# Gravel or snad



## selvan777 (Oct 9, 2009)

I'm new to using live plants.

Out of sheer habit, I bought gravel to set up my tank. Now I'm thinking I should have gone with sand for the live plants.

I'm not too interested in them growing fast or big but rather want them to stay healthy and live as long as possible doing what they do.

If it turns out that sand will make a big enough impact, I'm thinking I'll only use it at the rear corners in a large triangle but leave gravel in front up the center to the rear.

What do you think?

EDIT: I should probably mention that the two Albino Corys will probably be the most active out of my final selection of a peaceful community like : bleeding hearts, cardinals, black phantoms, glowlights, harlequin rasboras, ghost shrimp, honey gouramis, ottos, endlers, serpaes, etc, etc, etc.


----------



## beaslbob (May 29, 2009)

I highly recommend sand. plants root in it much better.

Actually I use 1" peat moss, 1"play sand,1" pc select (or aquarium gravel). Each layer I put in, add water to the top of that layer, clean and level, then add the next.

I then put the plants in and fill the tank by running the water over a saucer.

I find when I do that no only do the plants thrive but the tank is much cleaner at the start.

With planting when the tank is already full, I get a dust cloud for the first couple of days.



my .02


----------



## susankat (Nov 15, 2008)

X1 on what he said.


----------



## selvan777 (Oct 9, 2009)

With that triple layer, do you not clean the gravel with a siphon hose/tube?

I intended on changing 20% of the water with tap water that's been sitting for at least 2 days(oops, I mean 2 weeks) every couple weeks. And I planed on doing it with a siphon hose/tube that will also clean the gravel in the front portion of the tank.

I was thinking of building a plastic border to keep the rear/corners higher and separated from the lower gravel so I could clean as mentioned. It will be a sort of cliff drop from the sand to the gravel.


----------



## selvan777 (Oct 9, 2009)

So! How do I go about making this transition?

After getting 5 5g buckets, peat moss and sand ready for use shall I fill the buckets with the existing aquarium water, place the fish in one bucket that's black in color.
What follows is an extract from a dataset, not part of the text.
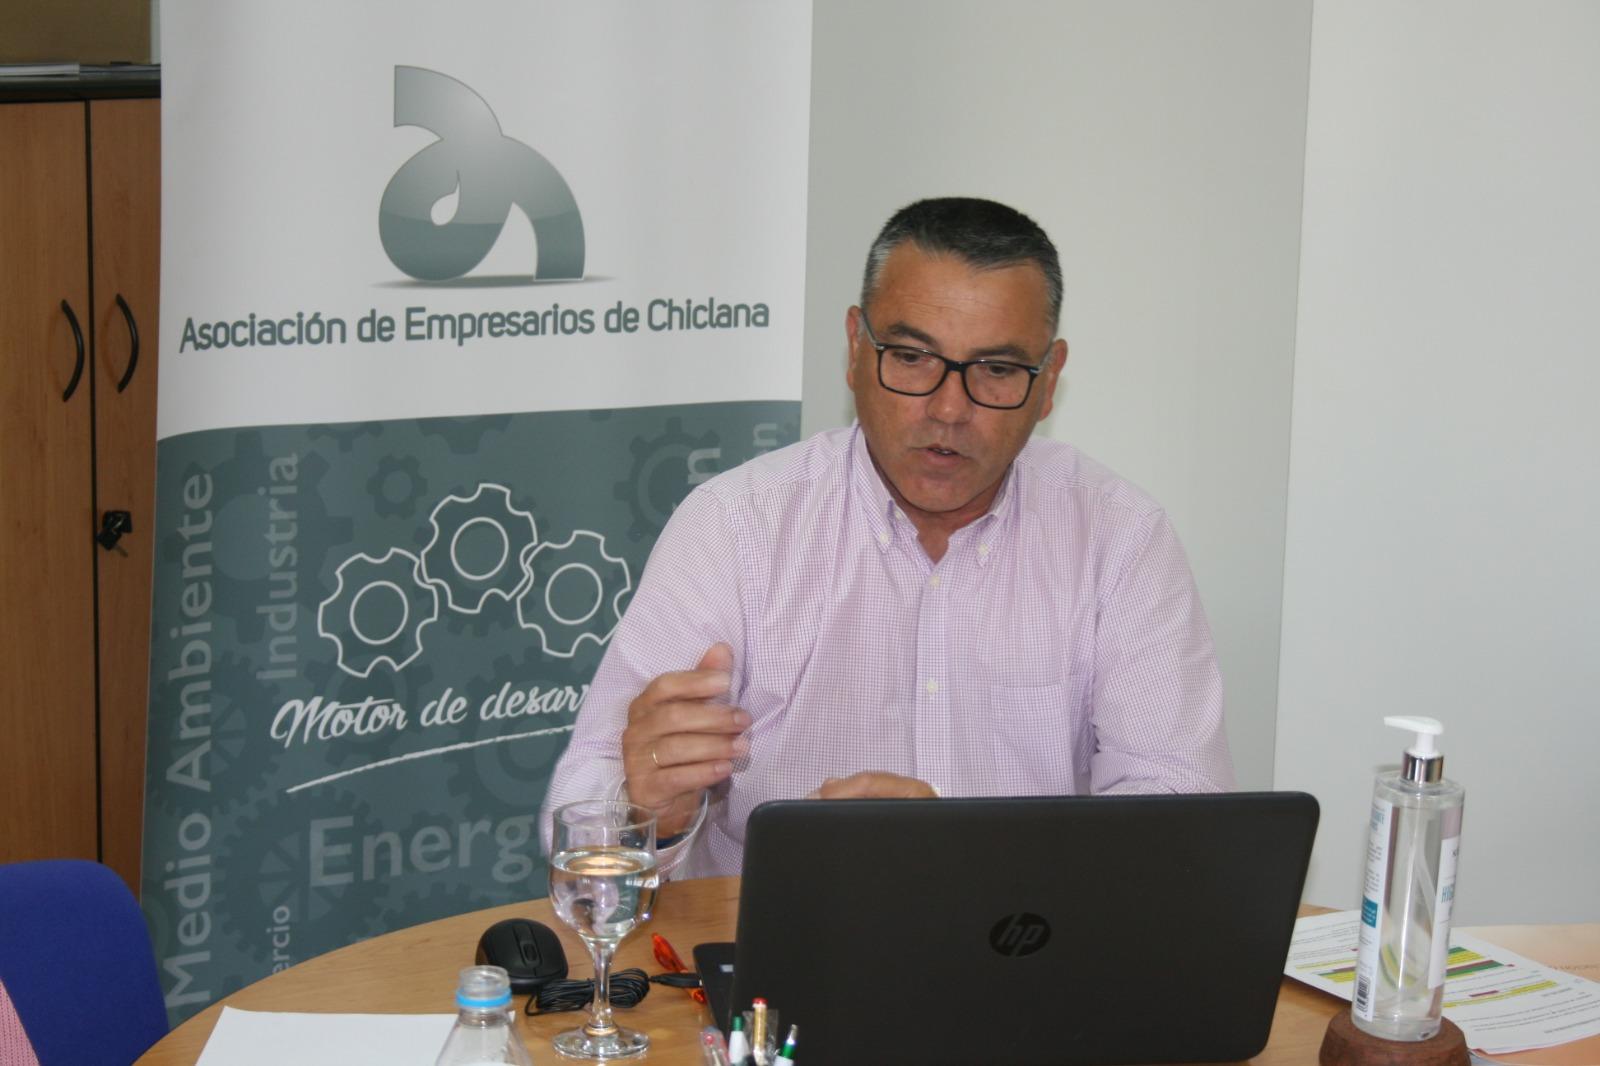 Asamblea virtual de la Asociación de Empresarios de Chiclana

Build the aquarium with the three layers as you indecated. And put the fish back in?

Isn't going from not using peat moss to using it going to cause too much of a change in water chemistry too fast? How do I do this the best way possible? 

Readying peat moss: how? from a garden shop, boiled to sink?

What other questions am I not thinking of asking?


----------



## susankat (Nov 15, 2008)

With peat moss you want to make sure that there is no chemicals added to it. Just straight peat.

Me personally I would just use a thin layer of peat as you really don't need that much. It will lower you ph some and would be best to drip acclimate the fish if there is much difference. It will leach some tannins into the water changing the tint of the water, but depends on how much you use as to how much it changes it. 

I just use a thin dusting then layer with others, but I also run peat in my filter as I want lower ph for the angels and discus.

This setup is basically the walstead method, which is a great way to go. If you are running a filter on it, make sure you keep it wet in one of your buckets and if possible keep it running so that the bacteria on it don't die.


----------



## TheAquaExpert (May 24, 2009)

Sand Is Better For The Plants, But On My Opinion, Gravel Looks Much More Better....


----------



## susankat (Nov 15, 2008)

To me sand is more natural looking and most fish like it better.


----------



## beaslbob (May 29, 2009)

selvan777 said:


> So! How do I go about making this transition?
> 
> After getting 5 5g buckets, peat moss and sand ready for use shall I fill the buckets with the existing aquarium water, place the fish in one bucket that's black in color. Build the aquarium with the three layers as you indecated. And put the fish back in?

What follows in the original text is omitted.